Use `process.env.SPECKIT_RUN_BENCHMARKS=true` gate. If not set, benches skip with `it.skipIf(!process.env.SPECKIT_RUN_BENCHMARKS)`.

### 15. `README.md`

Suite overview. Sections:
- **Purpose** — one paragraph
- **How to run** — `cd .opencode/skills/system-spec-kit && npx vitest run mcp_server/tests/local-llm-features` for functional, `SPECKIT_RUN_BENCHMARKS=true npx vitest bench mcp_server/tests/local-llm-features/performance` for perf
- **Test groups** — table of 10 functional groups + 4 perf benches with one-line summary each
- **Skip conditions** — when each test group skips (model not downloaded, llama-cpp not installed, non-Apple platform)
- **Baseline format** — JSON schema for `performance/baselines/*.json`
- **Maintenance** — how to add new feature tests (cite the doc, add test, run)

### 16. `performance/baselines/README.md`

One-paragraph note: "Perf baseline JSON files are written here by .bench.ts runs.
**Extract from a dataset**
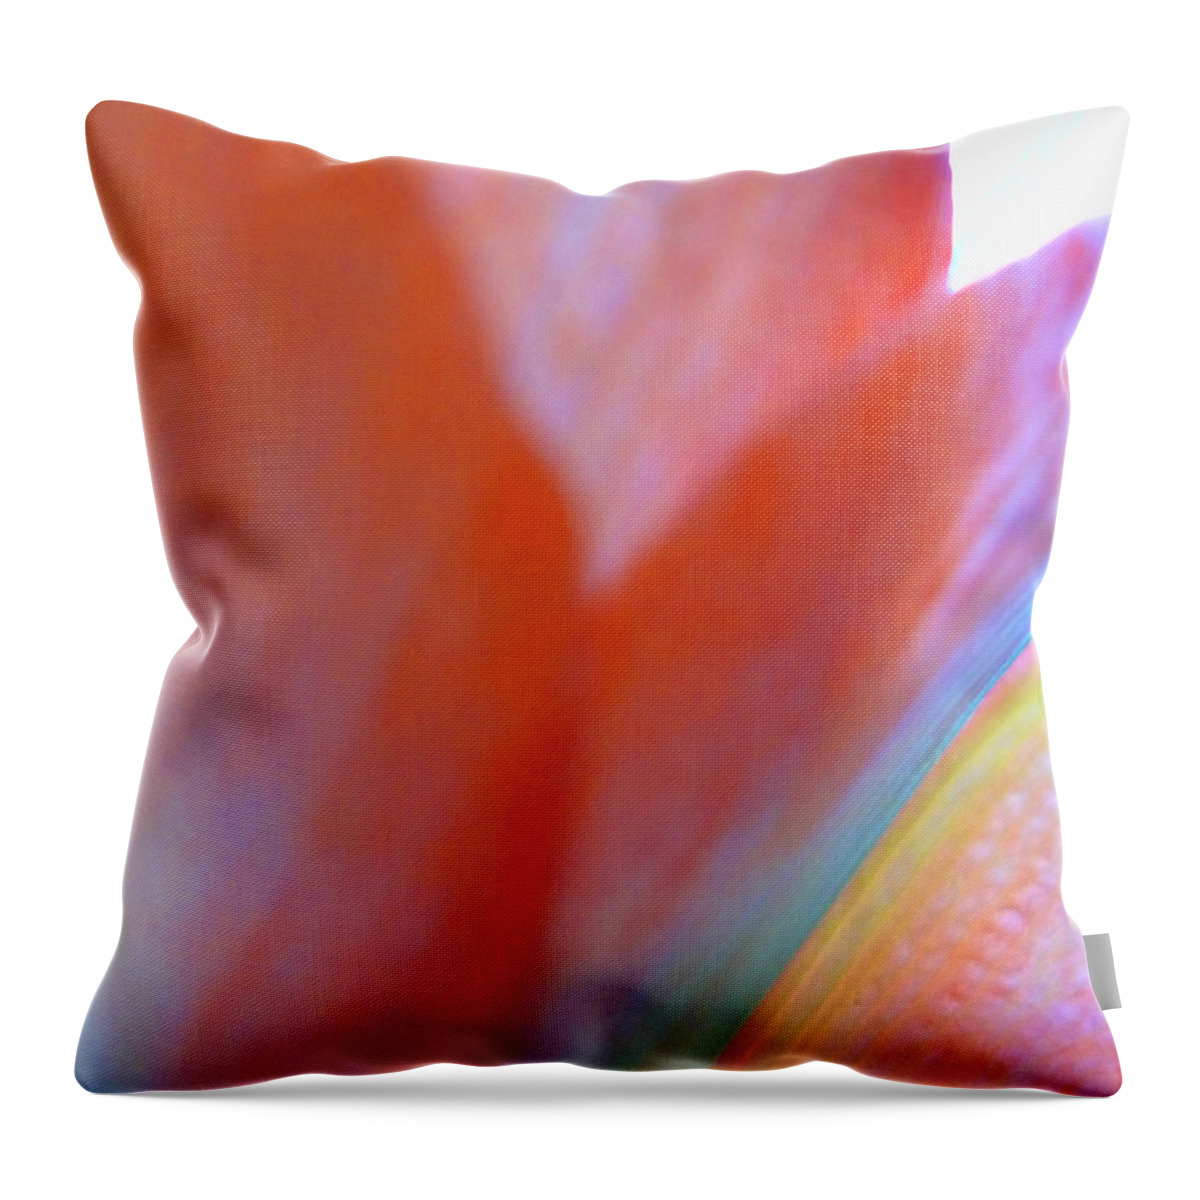  Throw Pillow featuring the photograph Pastel Petals by Joseph Hedaya

Schema: provider/model/dim/dtype/p50_ms/p95_ms/p99_ms/runs. Commit only when intentionally updating the baseline for a measured improvement; do NOT commit noisy CI-only variations."

## TECHNICAL NOTES

- Vitest config is at `.opencode/skills/system-spec-kit/mcp_server/vitest.config.ts` (don't modify)
- Existing tests in `.opencode/skills/system-spec-kit/mcp_server/tests/embeddings.vitest.ts` are good reference for mocking patterns
- Use `vi.mock('../../../shared/embeddings/llama-cpp-availability.js', () => ({ getLlamaCppAvailability: vi.fn() }))` to control availability per test
- For env-mutation tests, use `const originalEnv = { ...process.env }; afterEach(() => { process.env = { ...originalEnv }; });`
- For temp-dir tests, always rm -rf in `afterEach`

## ACCEPTANCE

After writing all 16 files:
- `bash -n` on shell snippets if any
- TypeScript syntax checks: `find tests/local-llm-features -name '*.ts' | xargs npx tsc --noEmit --target esnext --module nodenext --moduleResolution nodenext --strict false 2>&1 | head -20` (best-effort)
- Each .vitest.ts has at least 1 `describe` and 1 `it` block
- README.md is human-readable, ≥800 chars
- No imports from `node_modules/` paths (use package names)

## REPORT

```
BATCH 13 (test suite) REPORT
File: <path> — <N test cases> — <one-line purpose>
...
Scope violations: <none | list>
Files created: <N>
Total LOC: <approx>
```

No commits. No git. Do not run vitest. Stop after the report.